After our iced cappuccino we walked past a few buildings and then down what can only be described as a kind of goat path. Actually, it’s a bit better than that, but barely. At certain points there are structures that kind of look like stairs. Creatively made stairs, each one a different height. Sometimes there was a wooden railing too.
What was constant, if you dared to look up from where your feet were? Views. Like amazing views waaaaaay down to the turquoise colored sea in what seemed to be a far away cove.
I’m exaggerating of course, but it is a hike. But a hike well worth it. Because Cala Feola is one of the few beaches on the island that you can actually get to by land. Most of the small coves around this island are boat access only. So even though it is a hike? At least it’s a hike and not a boat ride.
After what seemed like 200 steps we made it to Cala Feola, and – since Gillian knows all about these things – we had made it early enough to get a beach chair in the first row of the stabilimento near the water. And their we parked ourselves for the entire day. Taking breaks to swim, or get cool drinks from the bar magically set up behind us.
At lunch time though we took another mini hike (more of a stroll) to far end of the beach where a weather-beaten shack was perched on the rocks. La Marina is one of those perfect beach side restaurants you only find in Italy.
First of all we ordered a bottle of rose’ made from local grapes. Which of course made everything look even better. For lunch we just ordered a bunch of small plates to split. Grilled sardines, fresh and briney; a mess of escarole sauteed with olive oil, tomatoes and olives. My favorite though was their version of parmigiana. In the summer every beach side restaurant serves a version of this iconic dish. Usually it’s eggplant. Sometimes it’s zucchini (a recipe for that is in my book) But La Marina wins the award for most original Parmigiana ever: cactus paddle. It was so fresh that we actually saw them come in with the basket of freshly harvested paddles and went back into the kitchen to watch them being cleaned.
We also amused ourselves by watching people come and go, by land and by sea. (We were hoping to get a sighting of Beyonce, who is rumored to have come here last summer off her yacht. ) When the last drop of rose was finished we strolled back to our lounge chairs and napped the rest of the afternoon away.

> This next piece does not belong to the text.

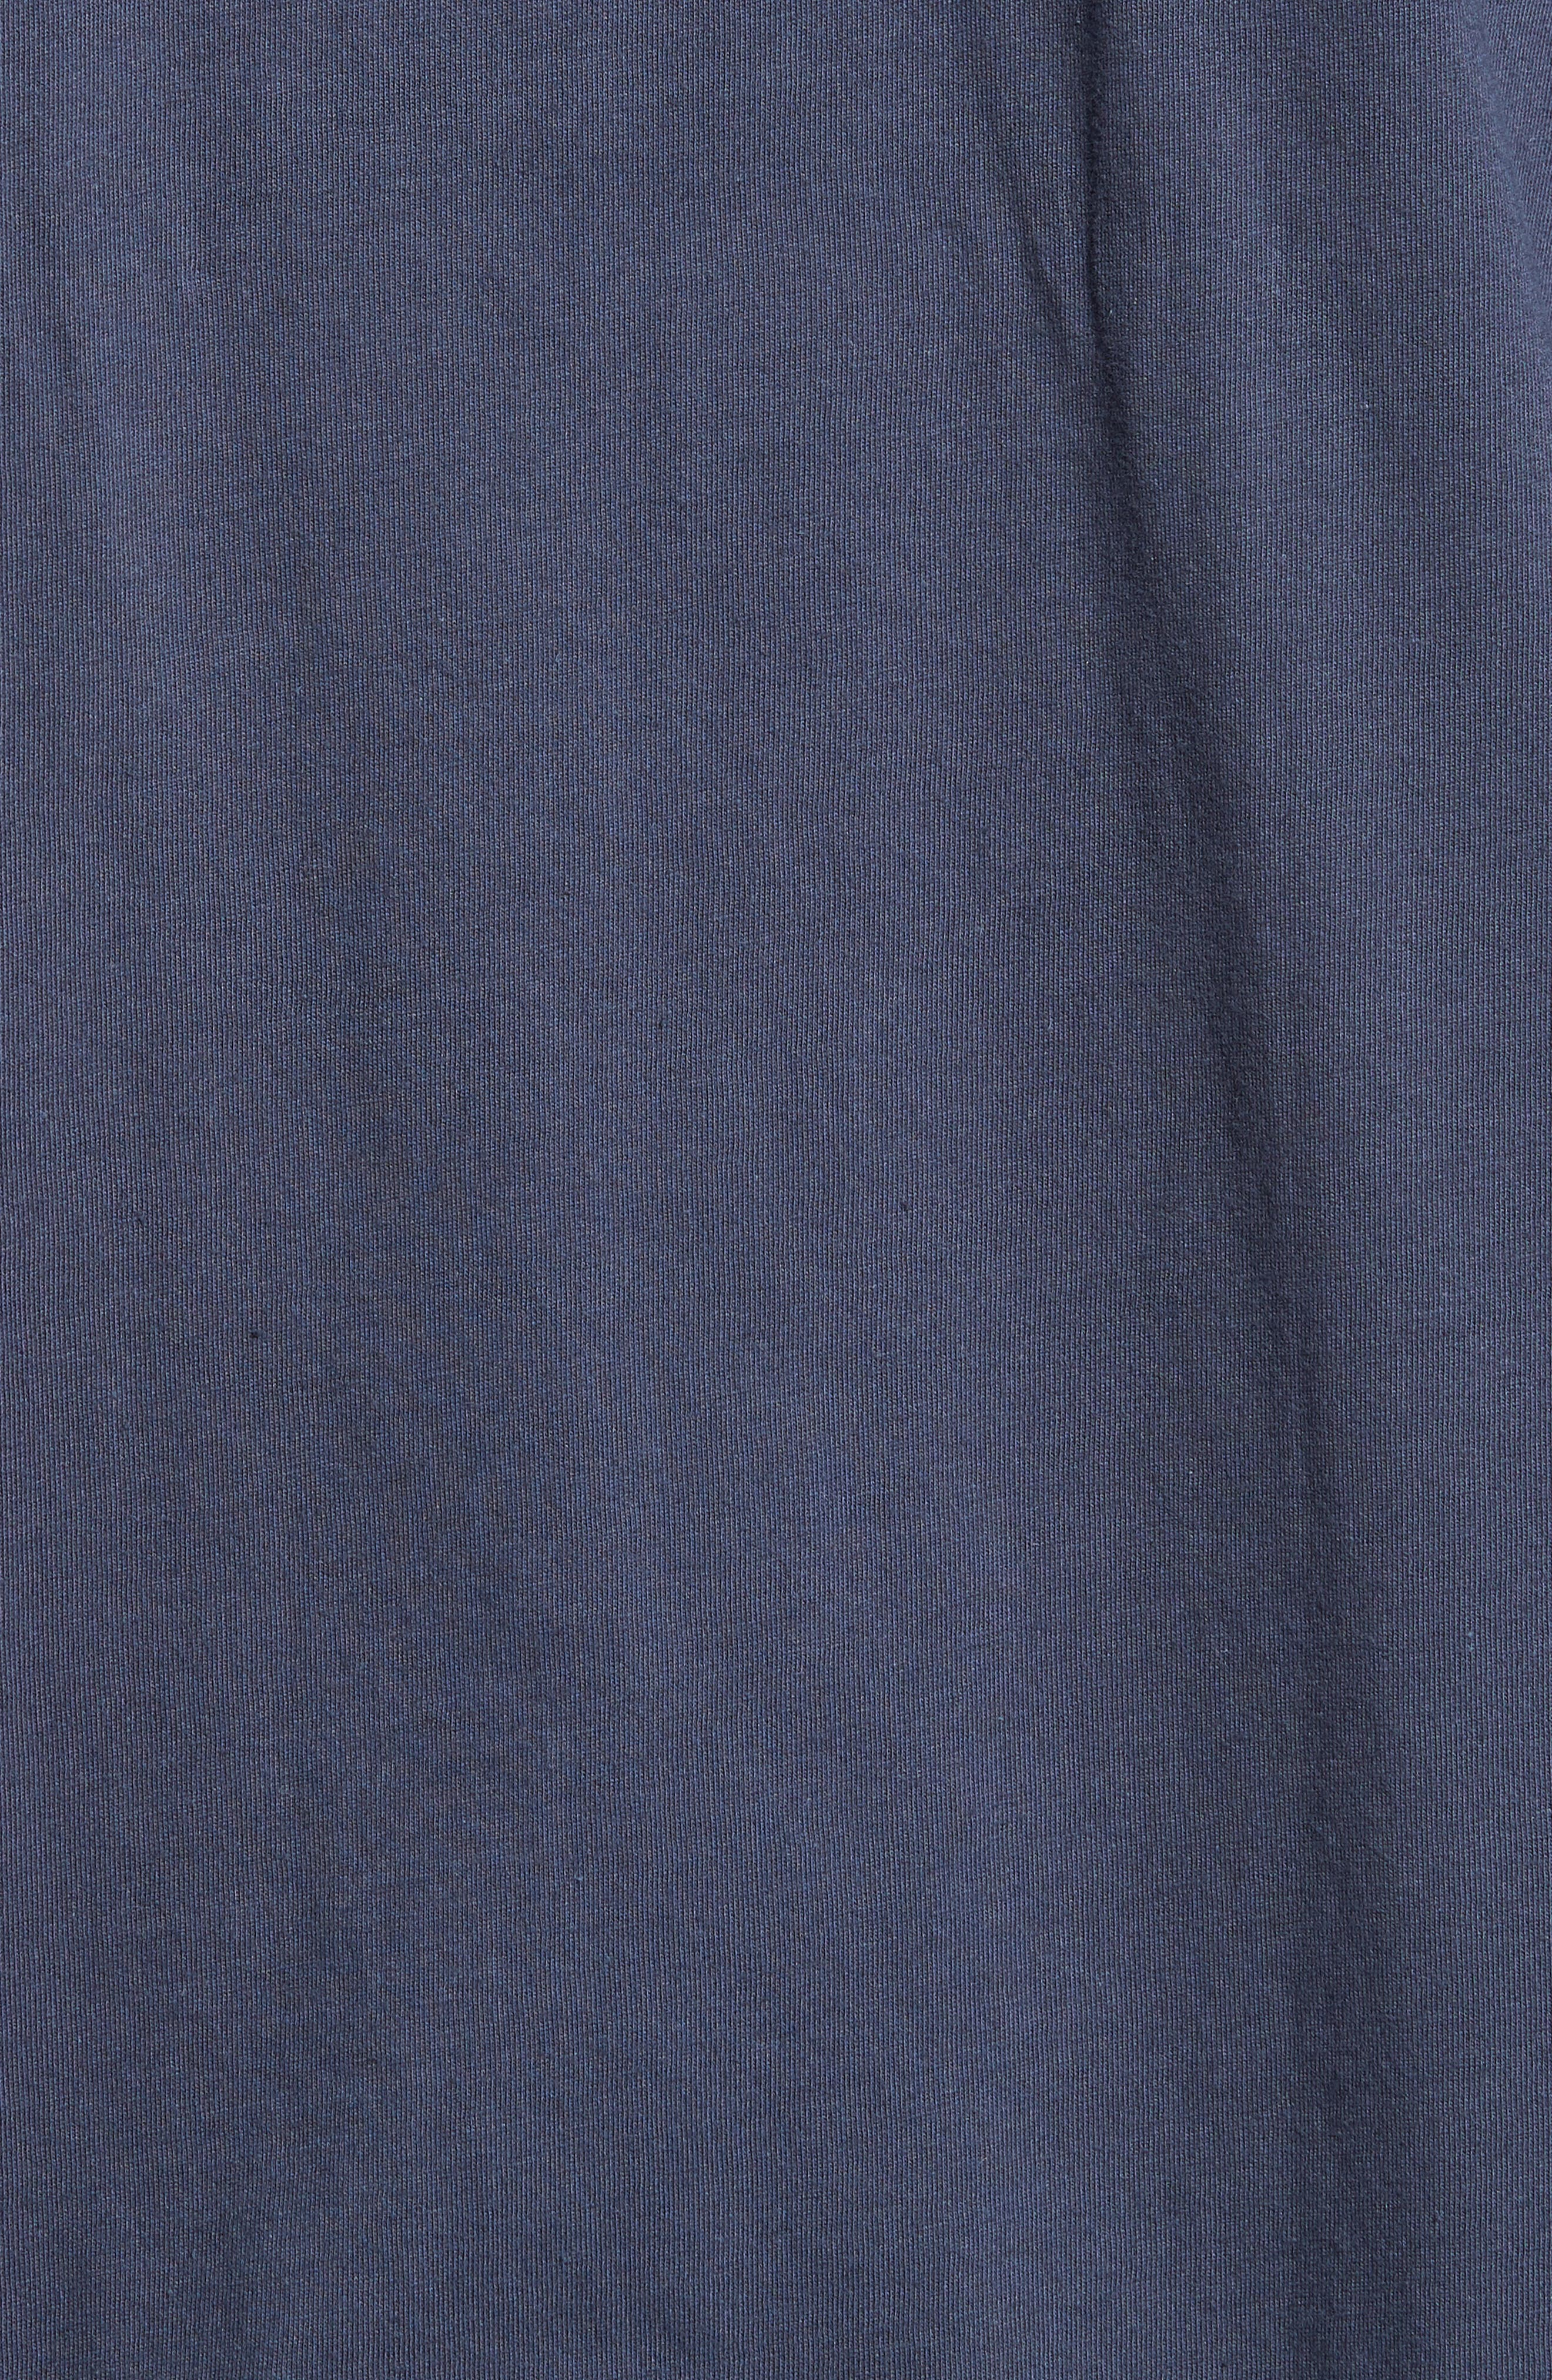 Disco T-Shirt,                             Alternate thumbnail 5, color,                             Slate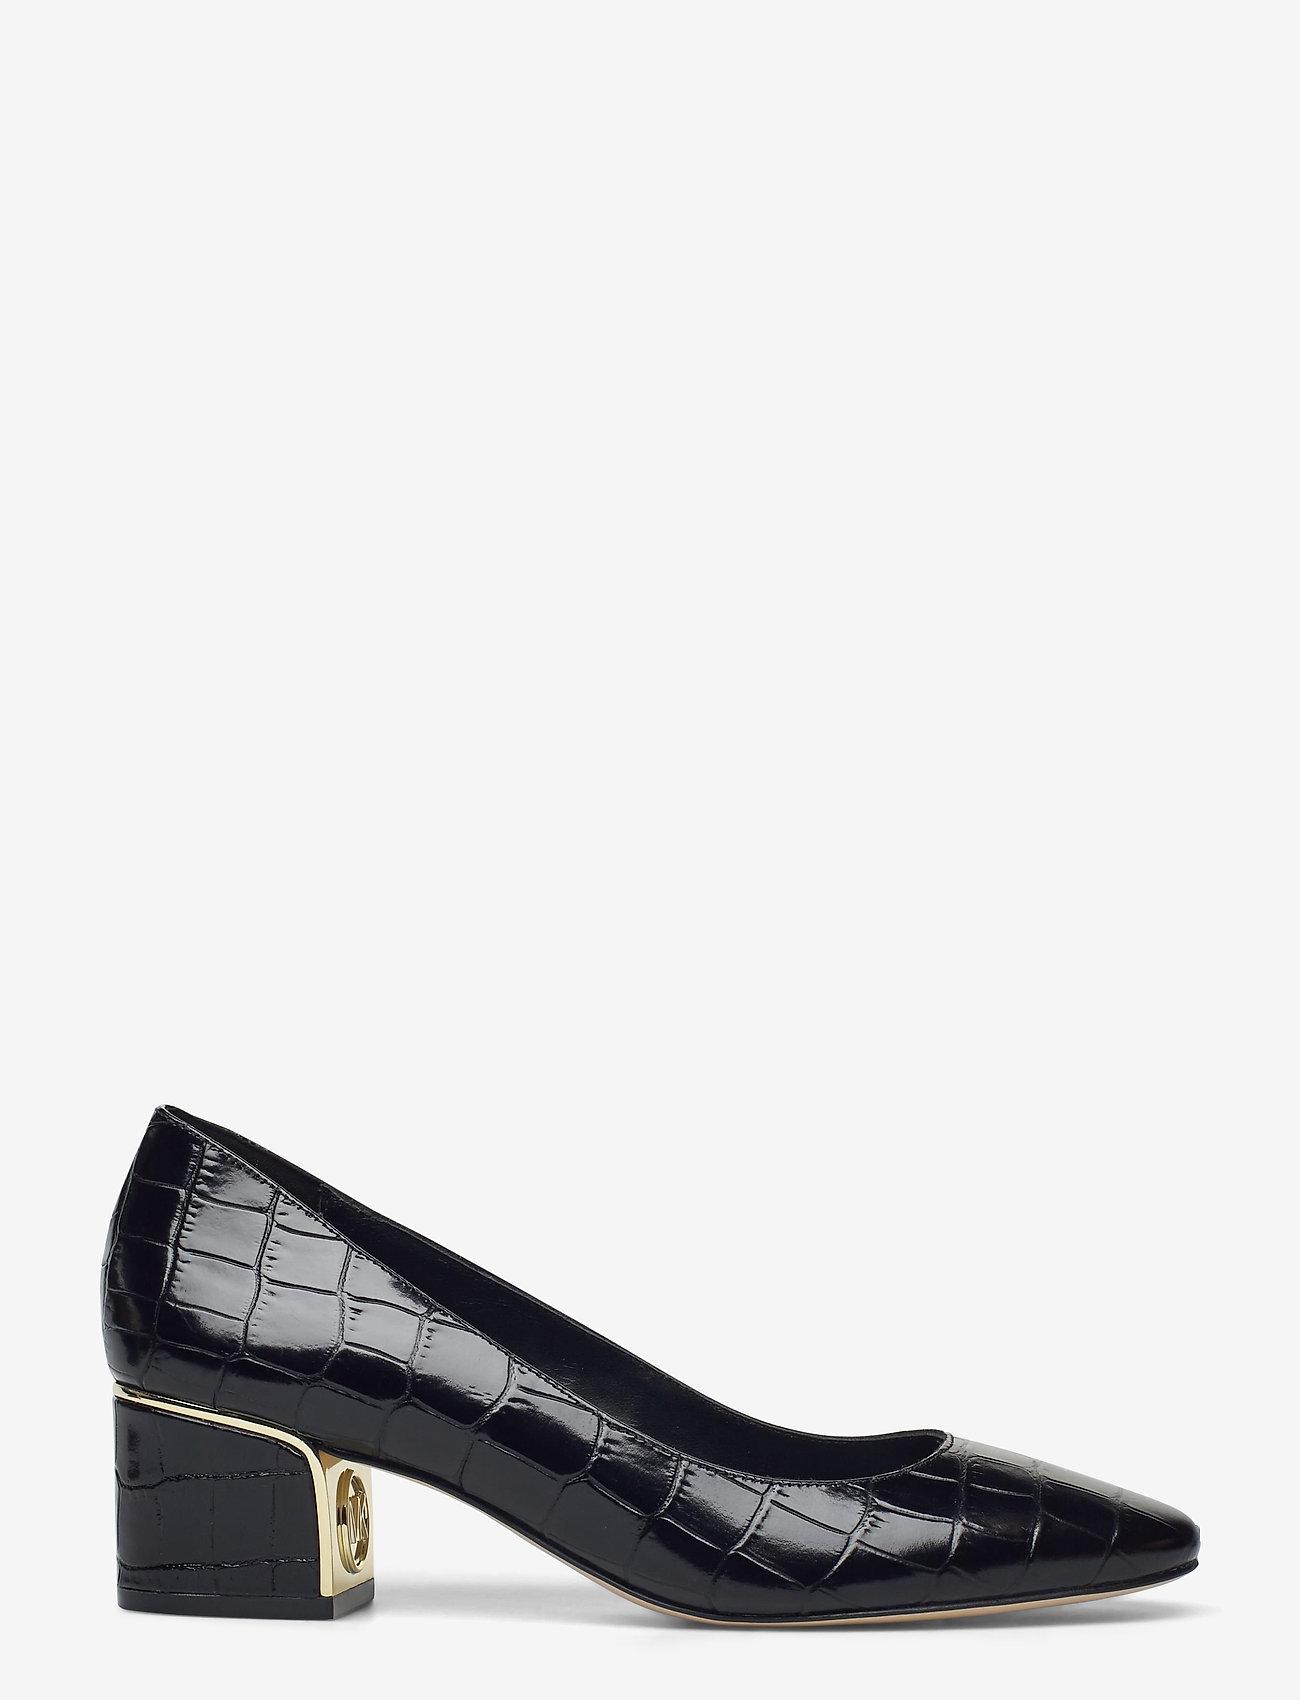 Michael Kors Shoes - LANA PUMP - klassieke pumps - black - 1

Yes, we would have a hike back up the hill, but that’s the price you pay for perfect beach day.
For more advise on eating in Italy download my app EAT ITALY . Eat Italy is a free app, with in-app purchases for Rome, Venice and Florence. Other cities and regions (Milan, Torino, Umbria, Puglia, Naples, Amalfi) are completely free. Thanks to the miracle of digital publishing, I’ll be updating the content constantly. Once you download EAT ITALY you will automatically receive new updates. The app is available for both iTunes and Android.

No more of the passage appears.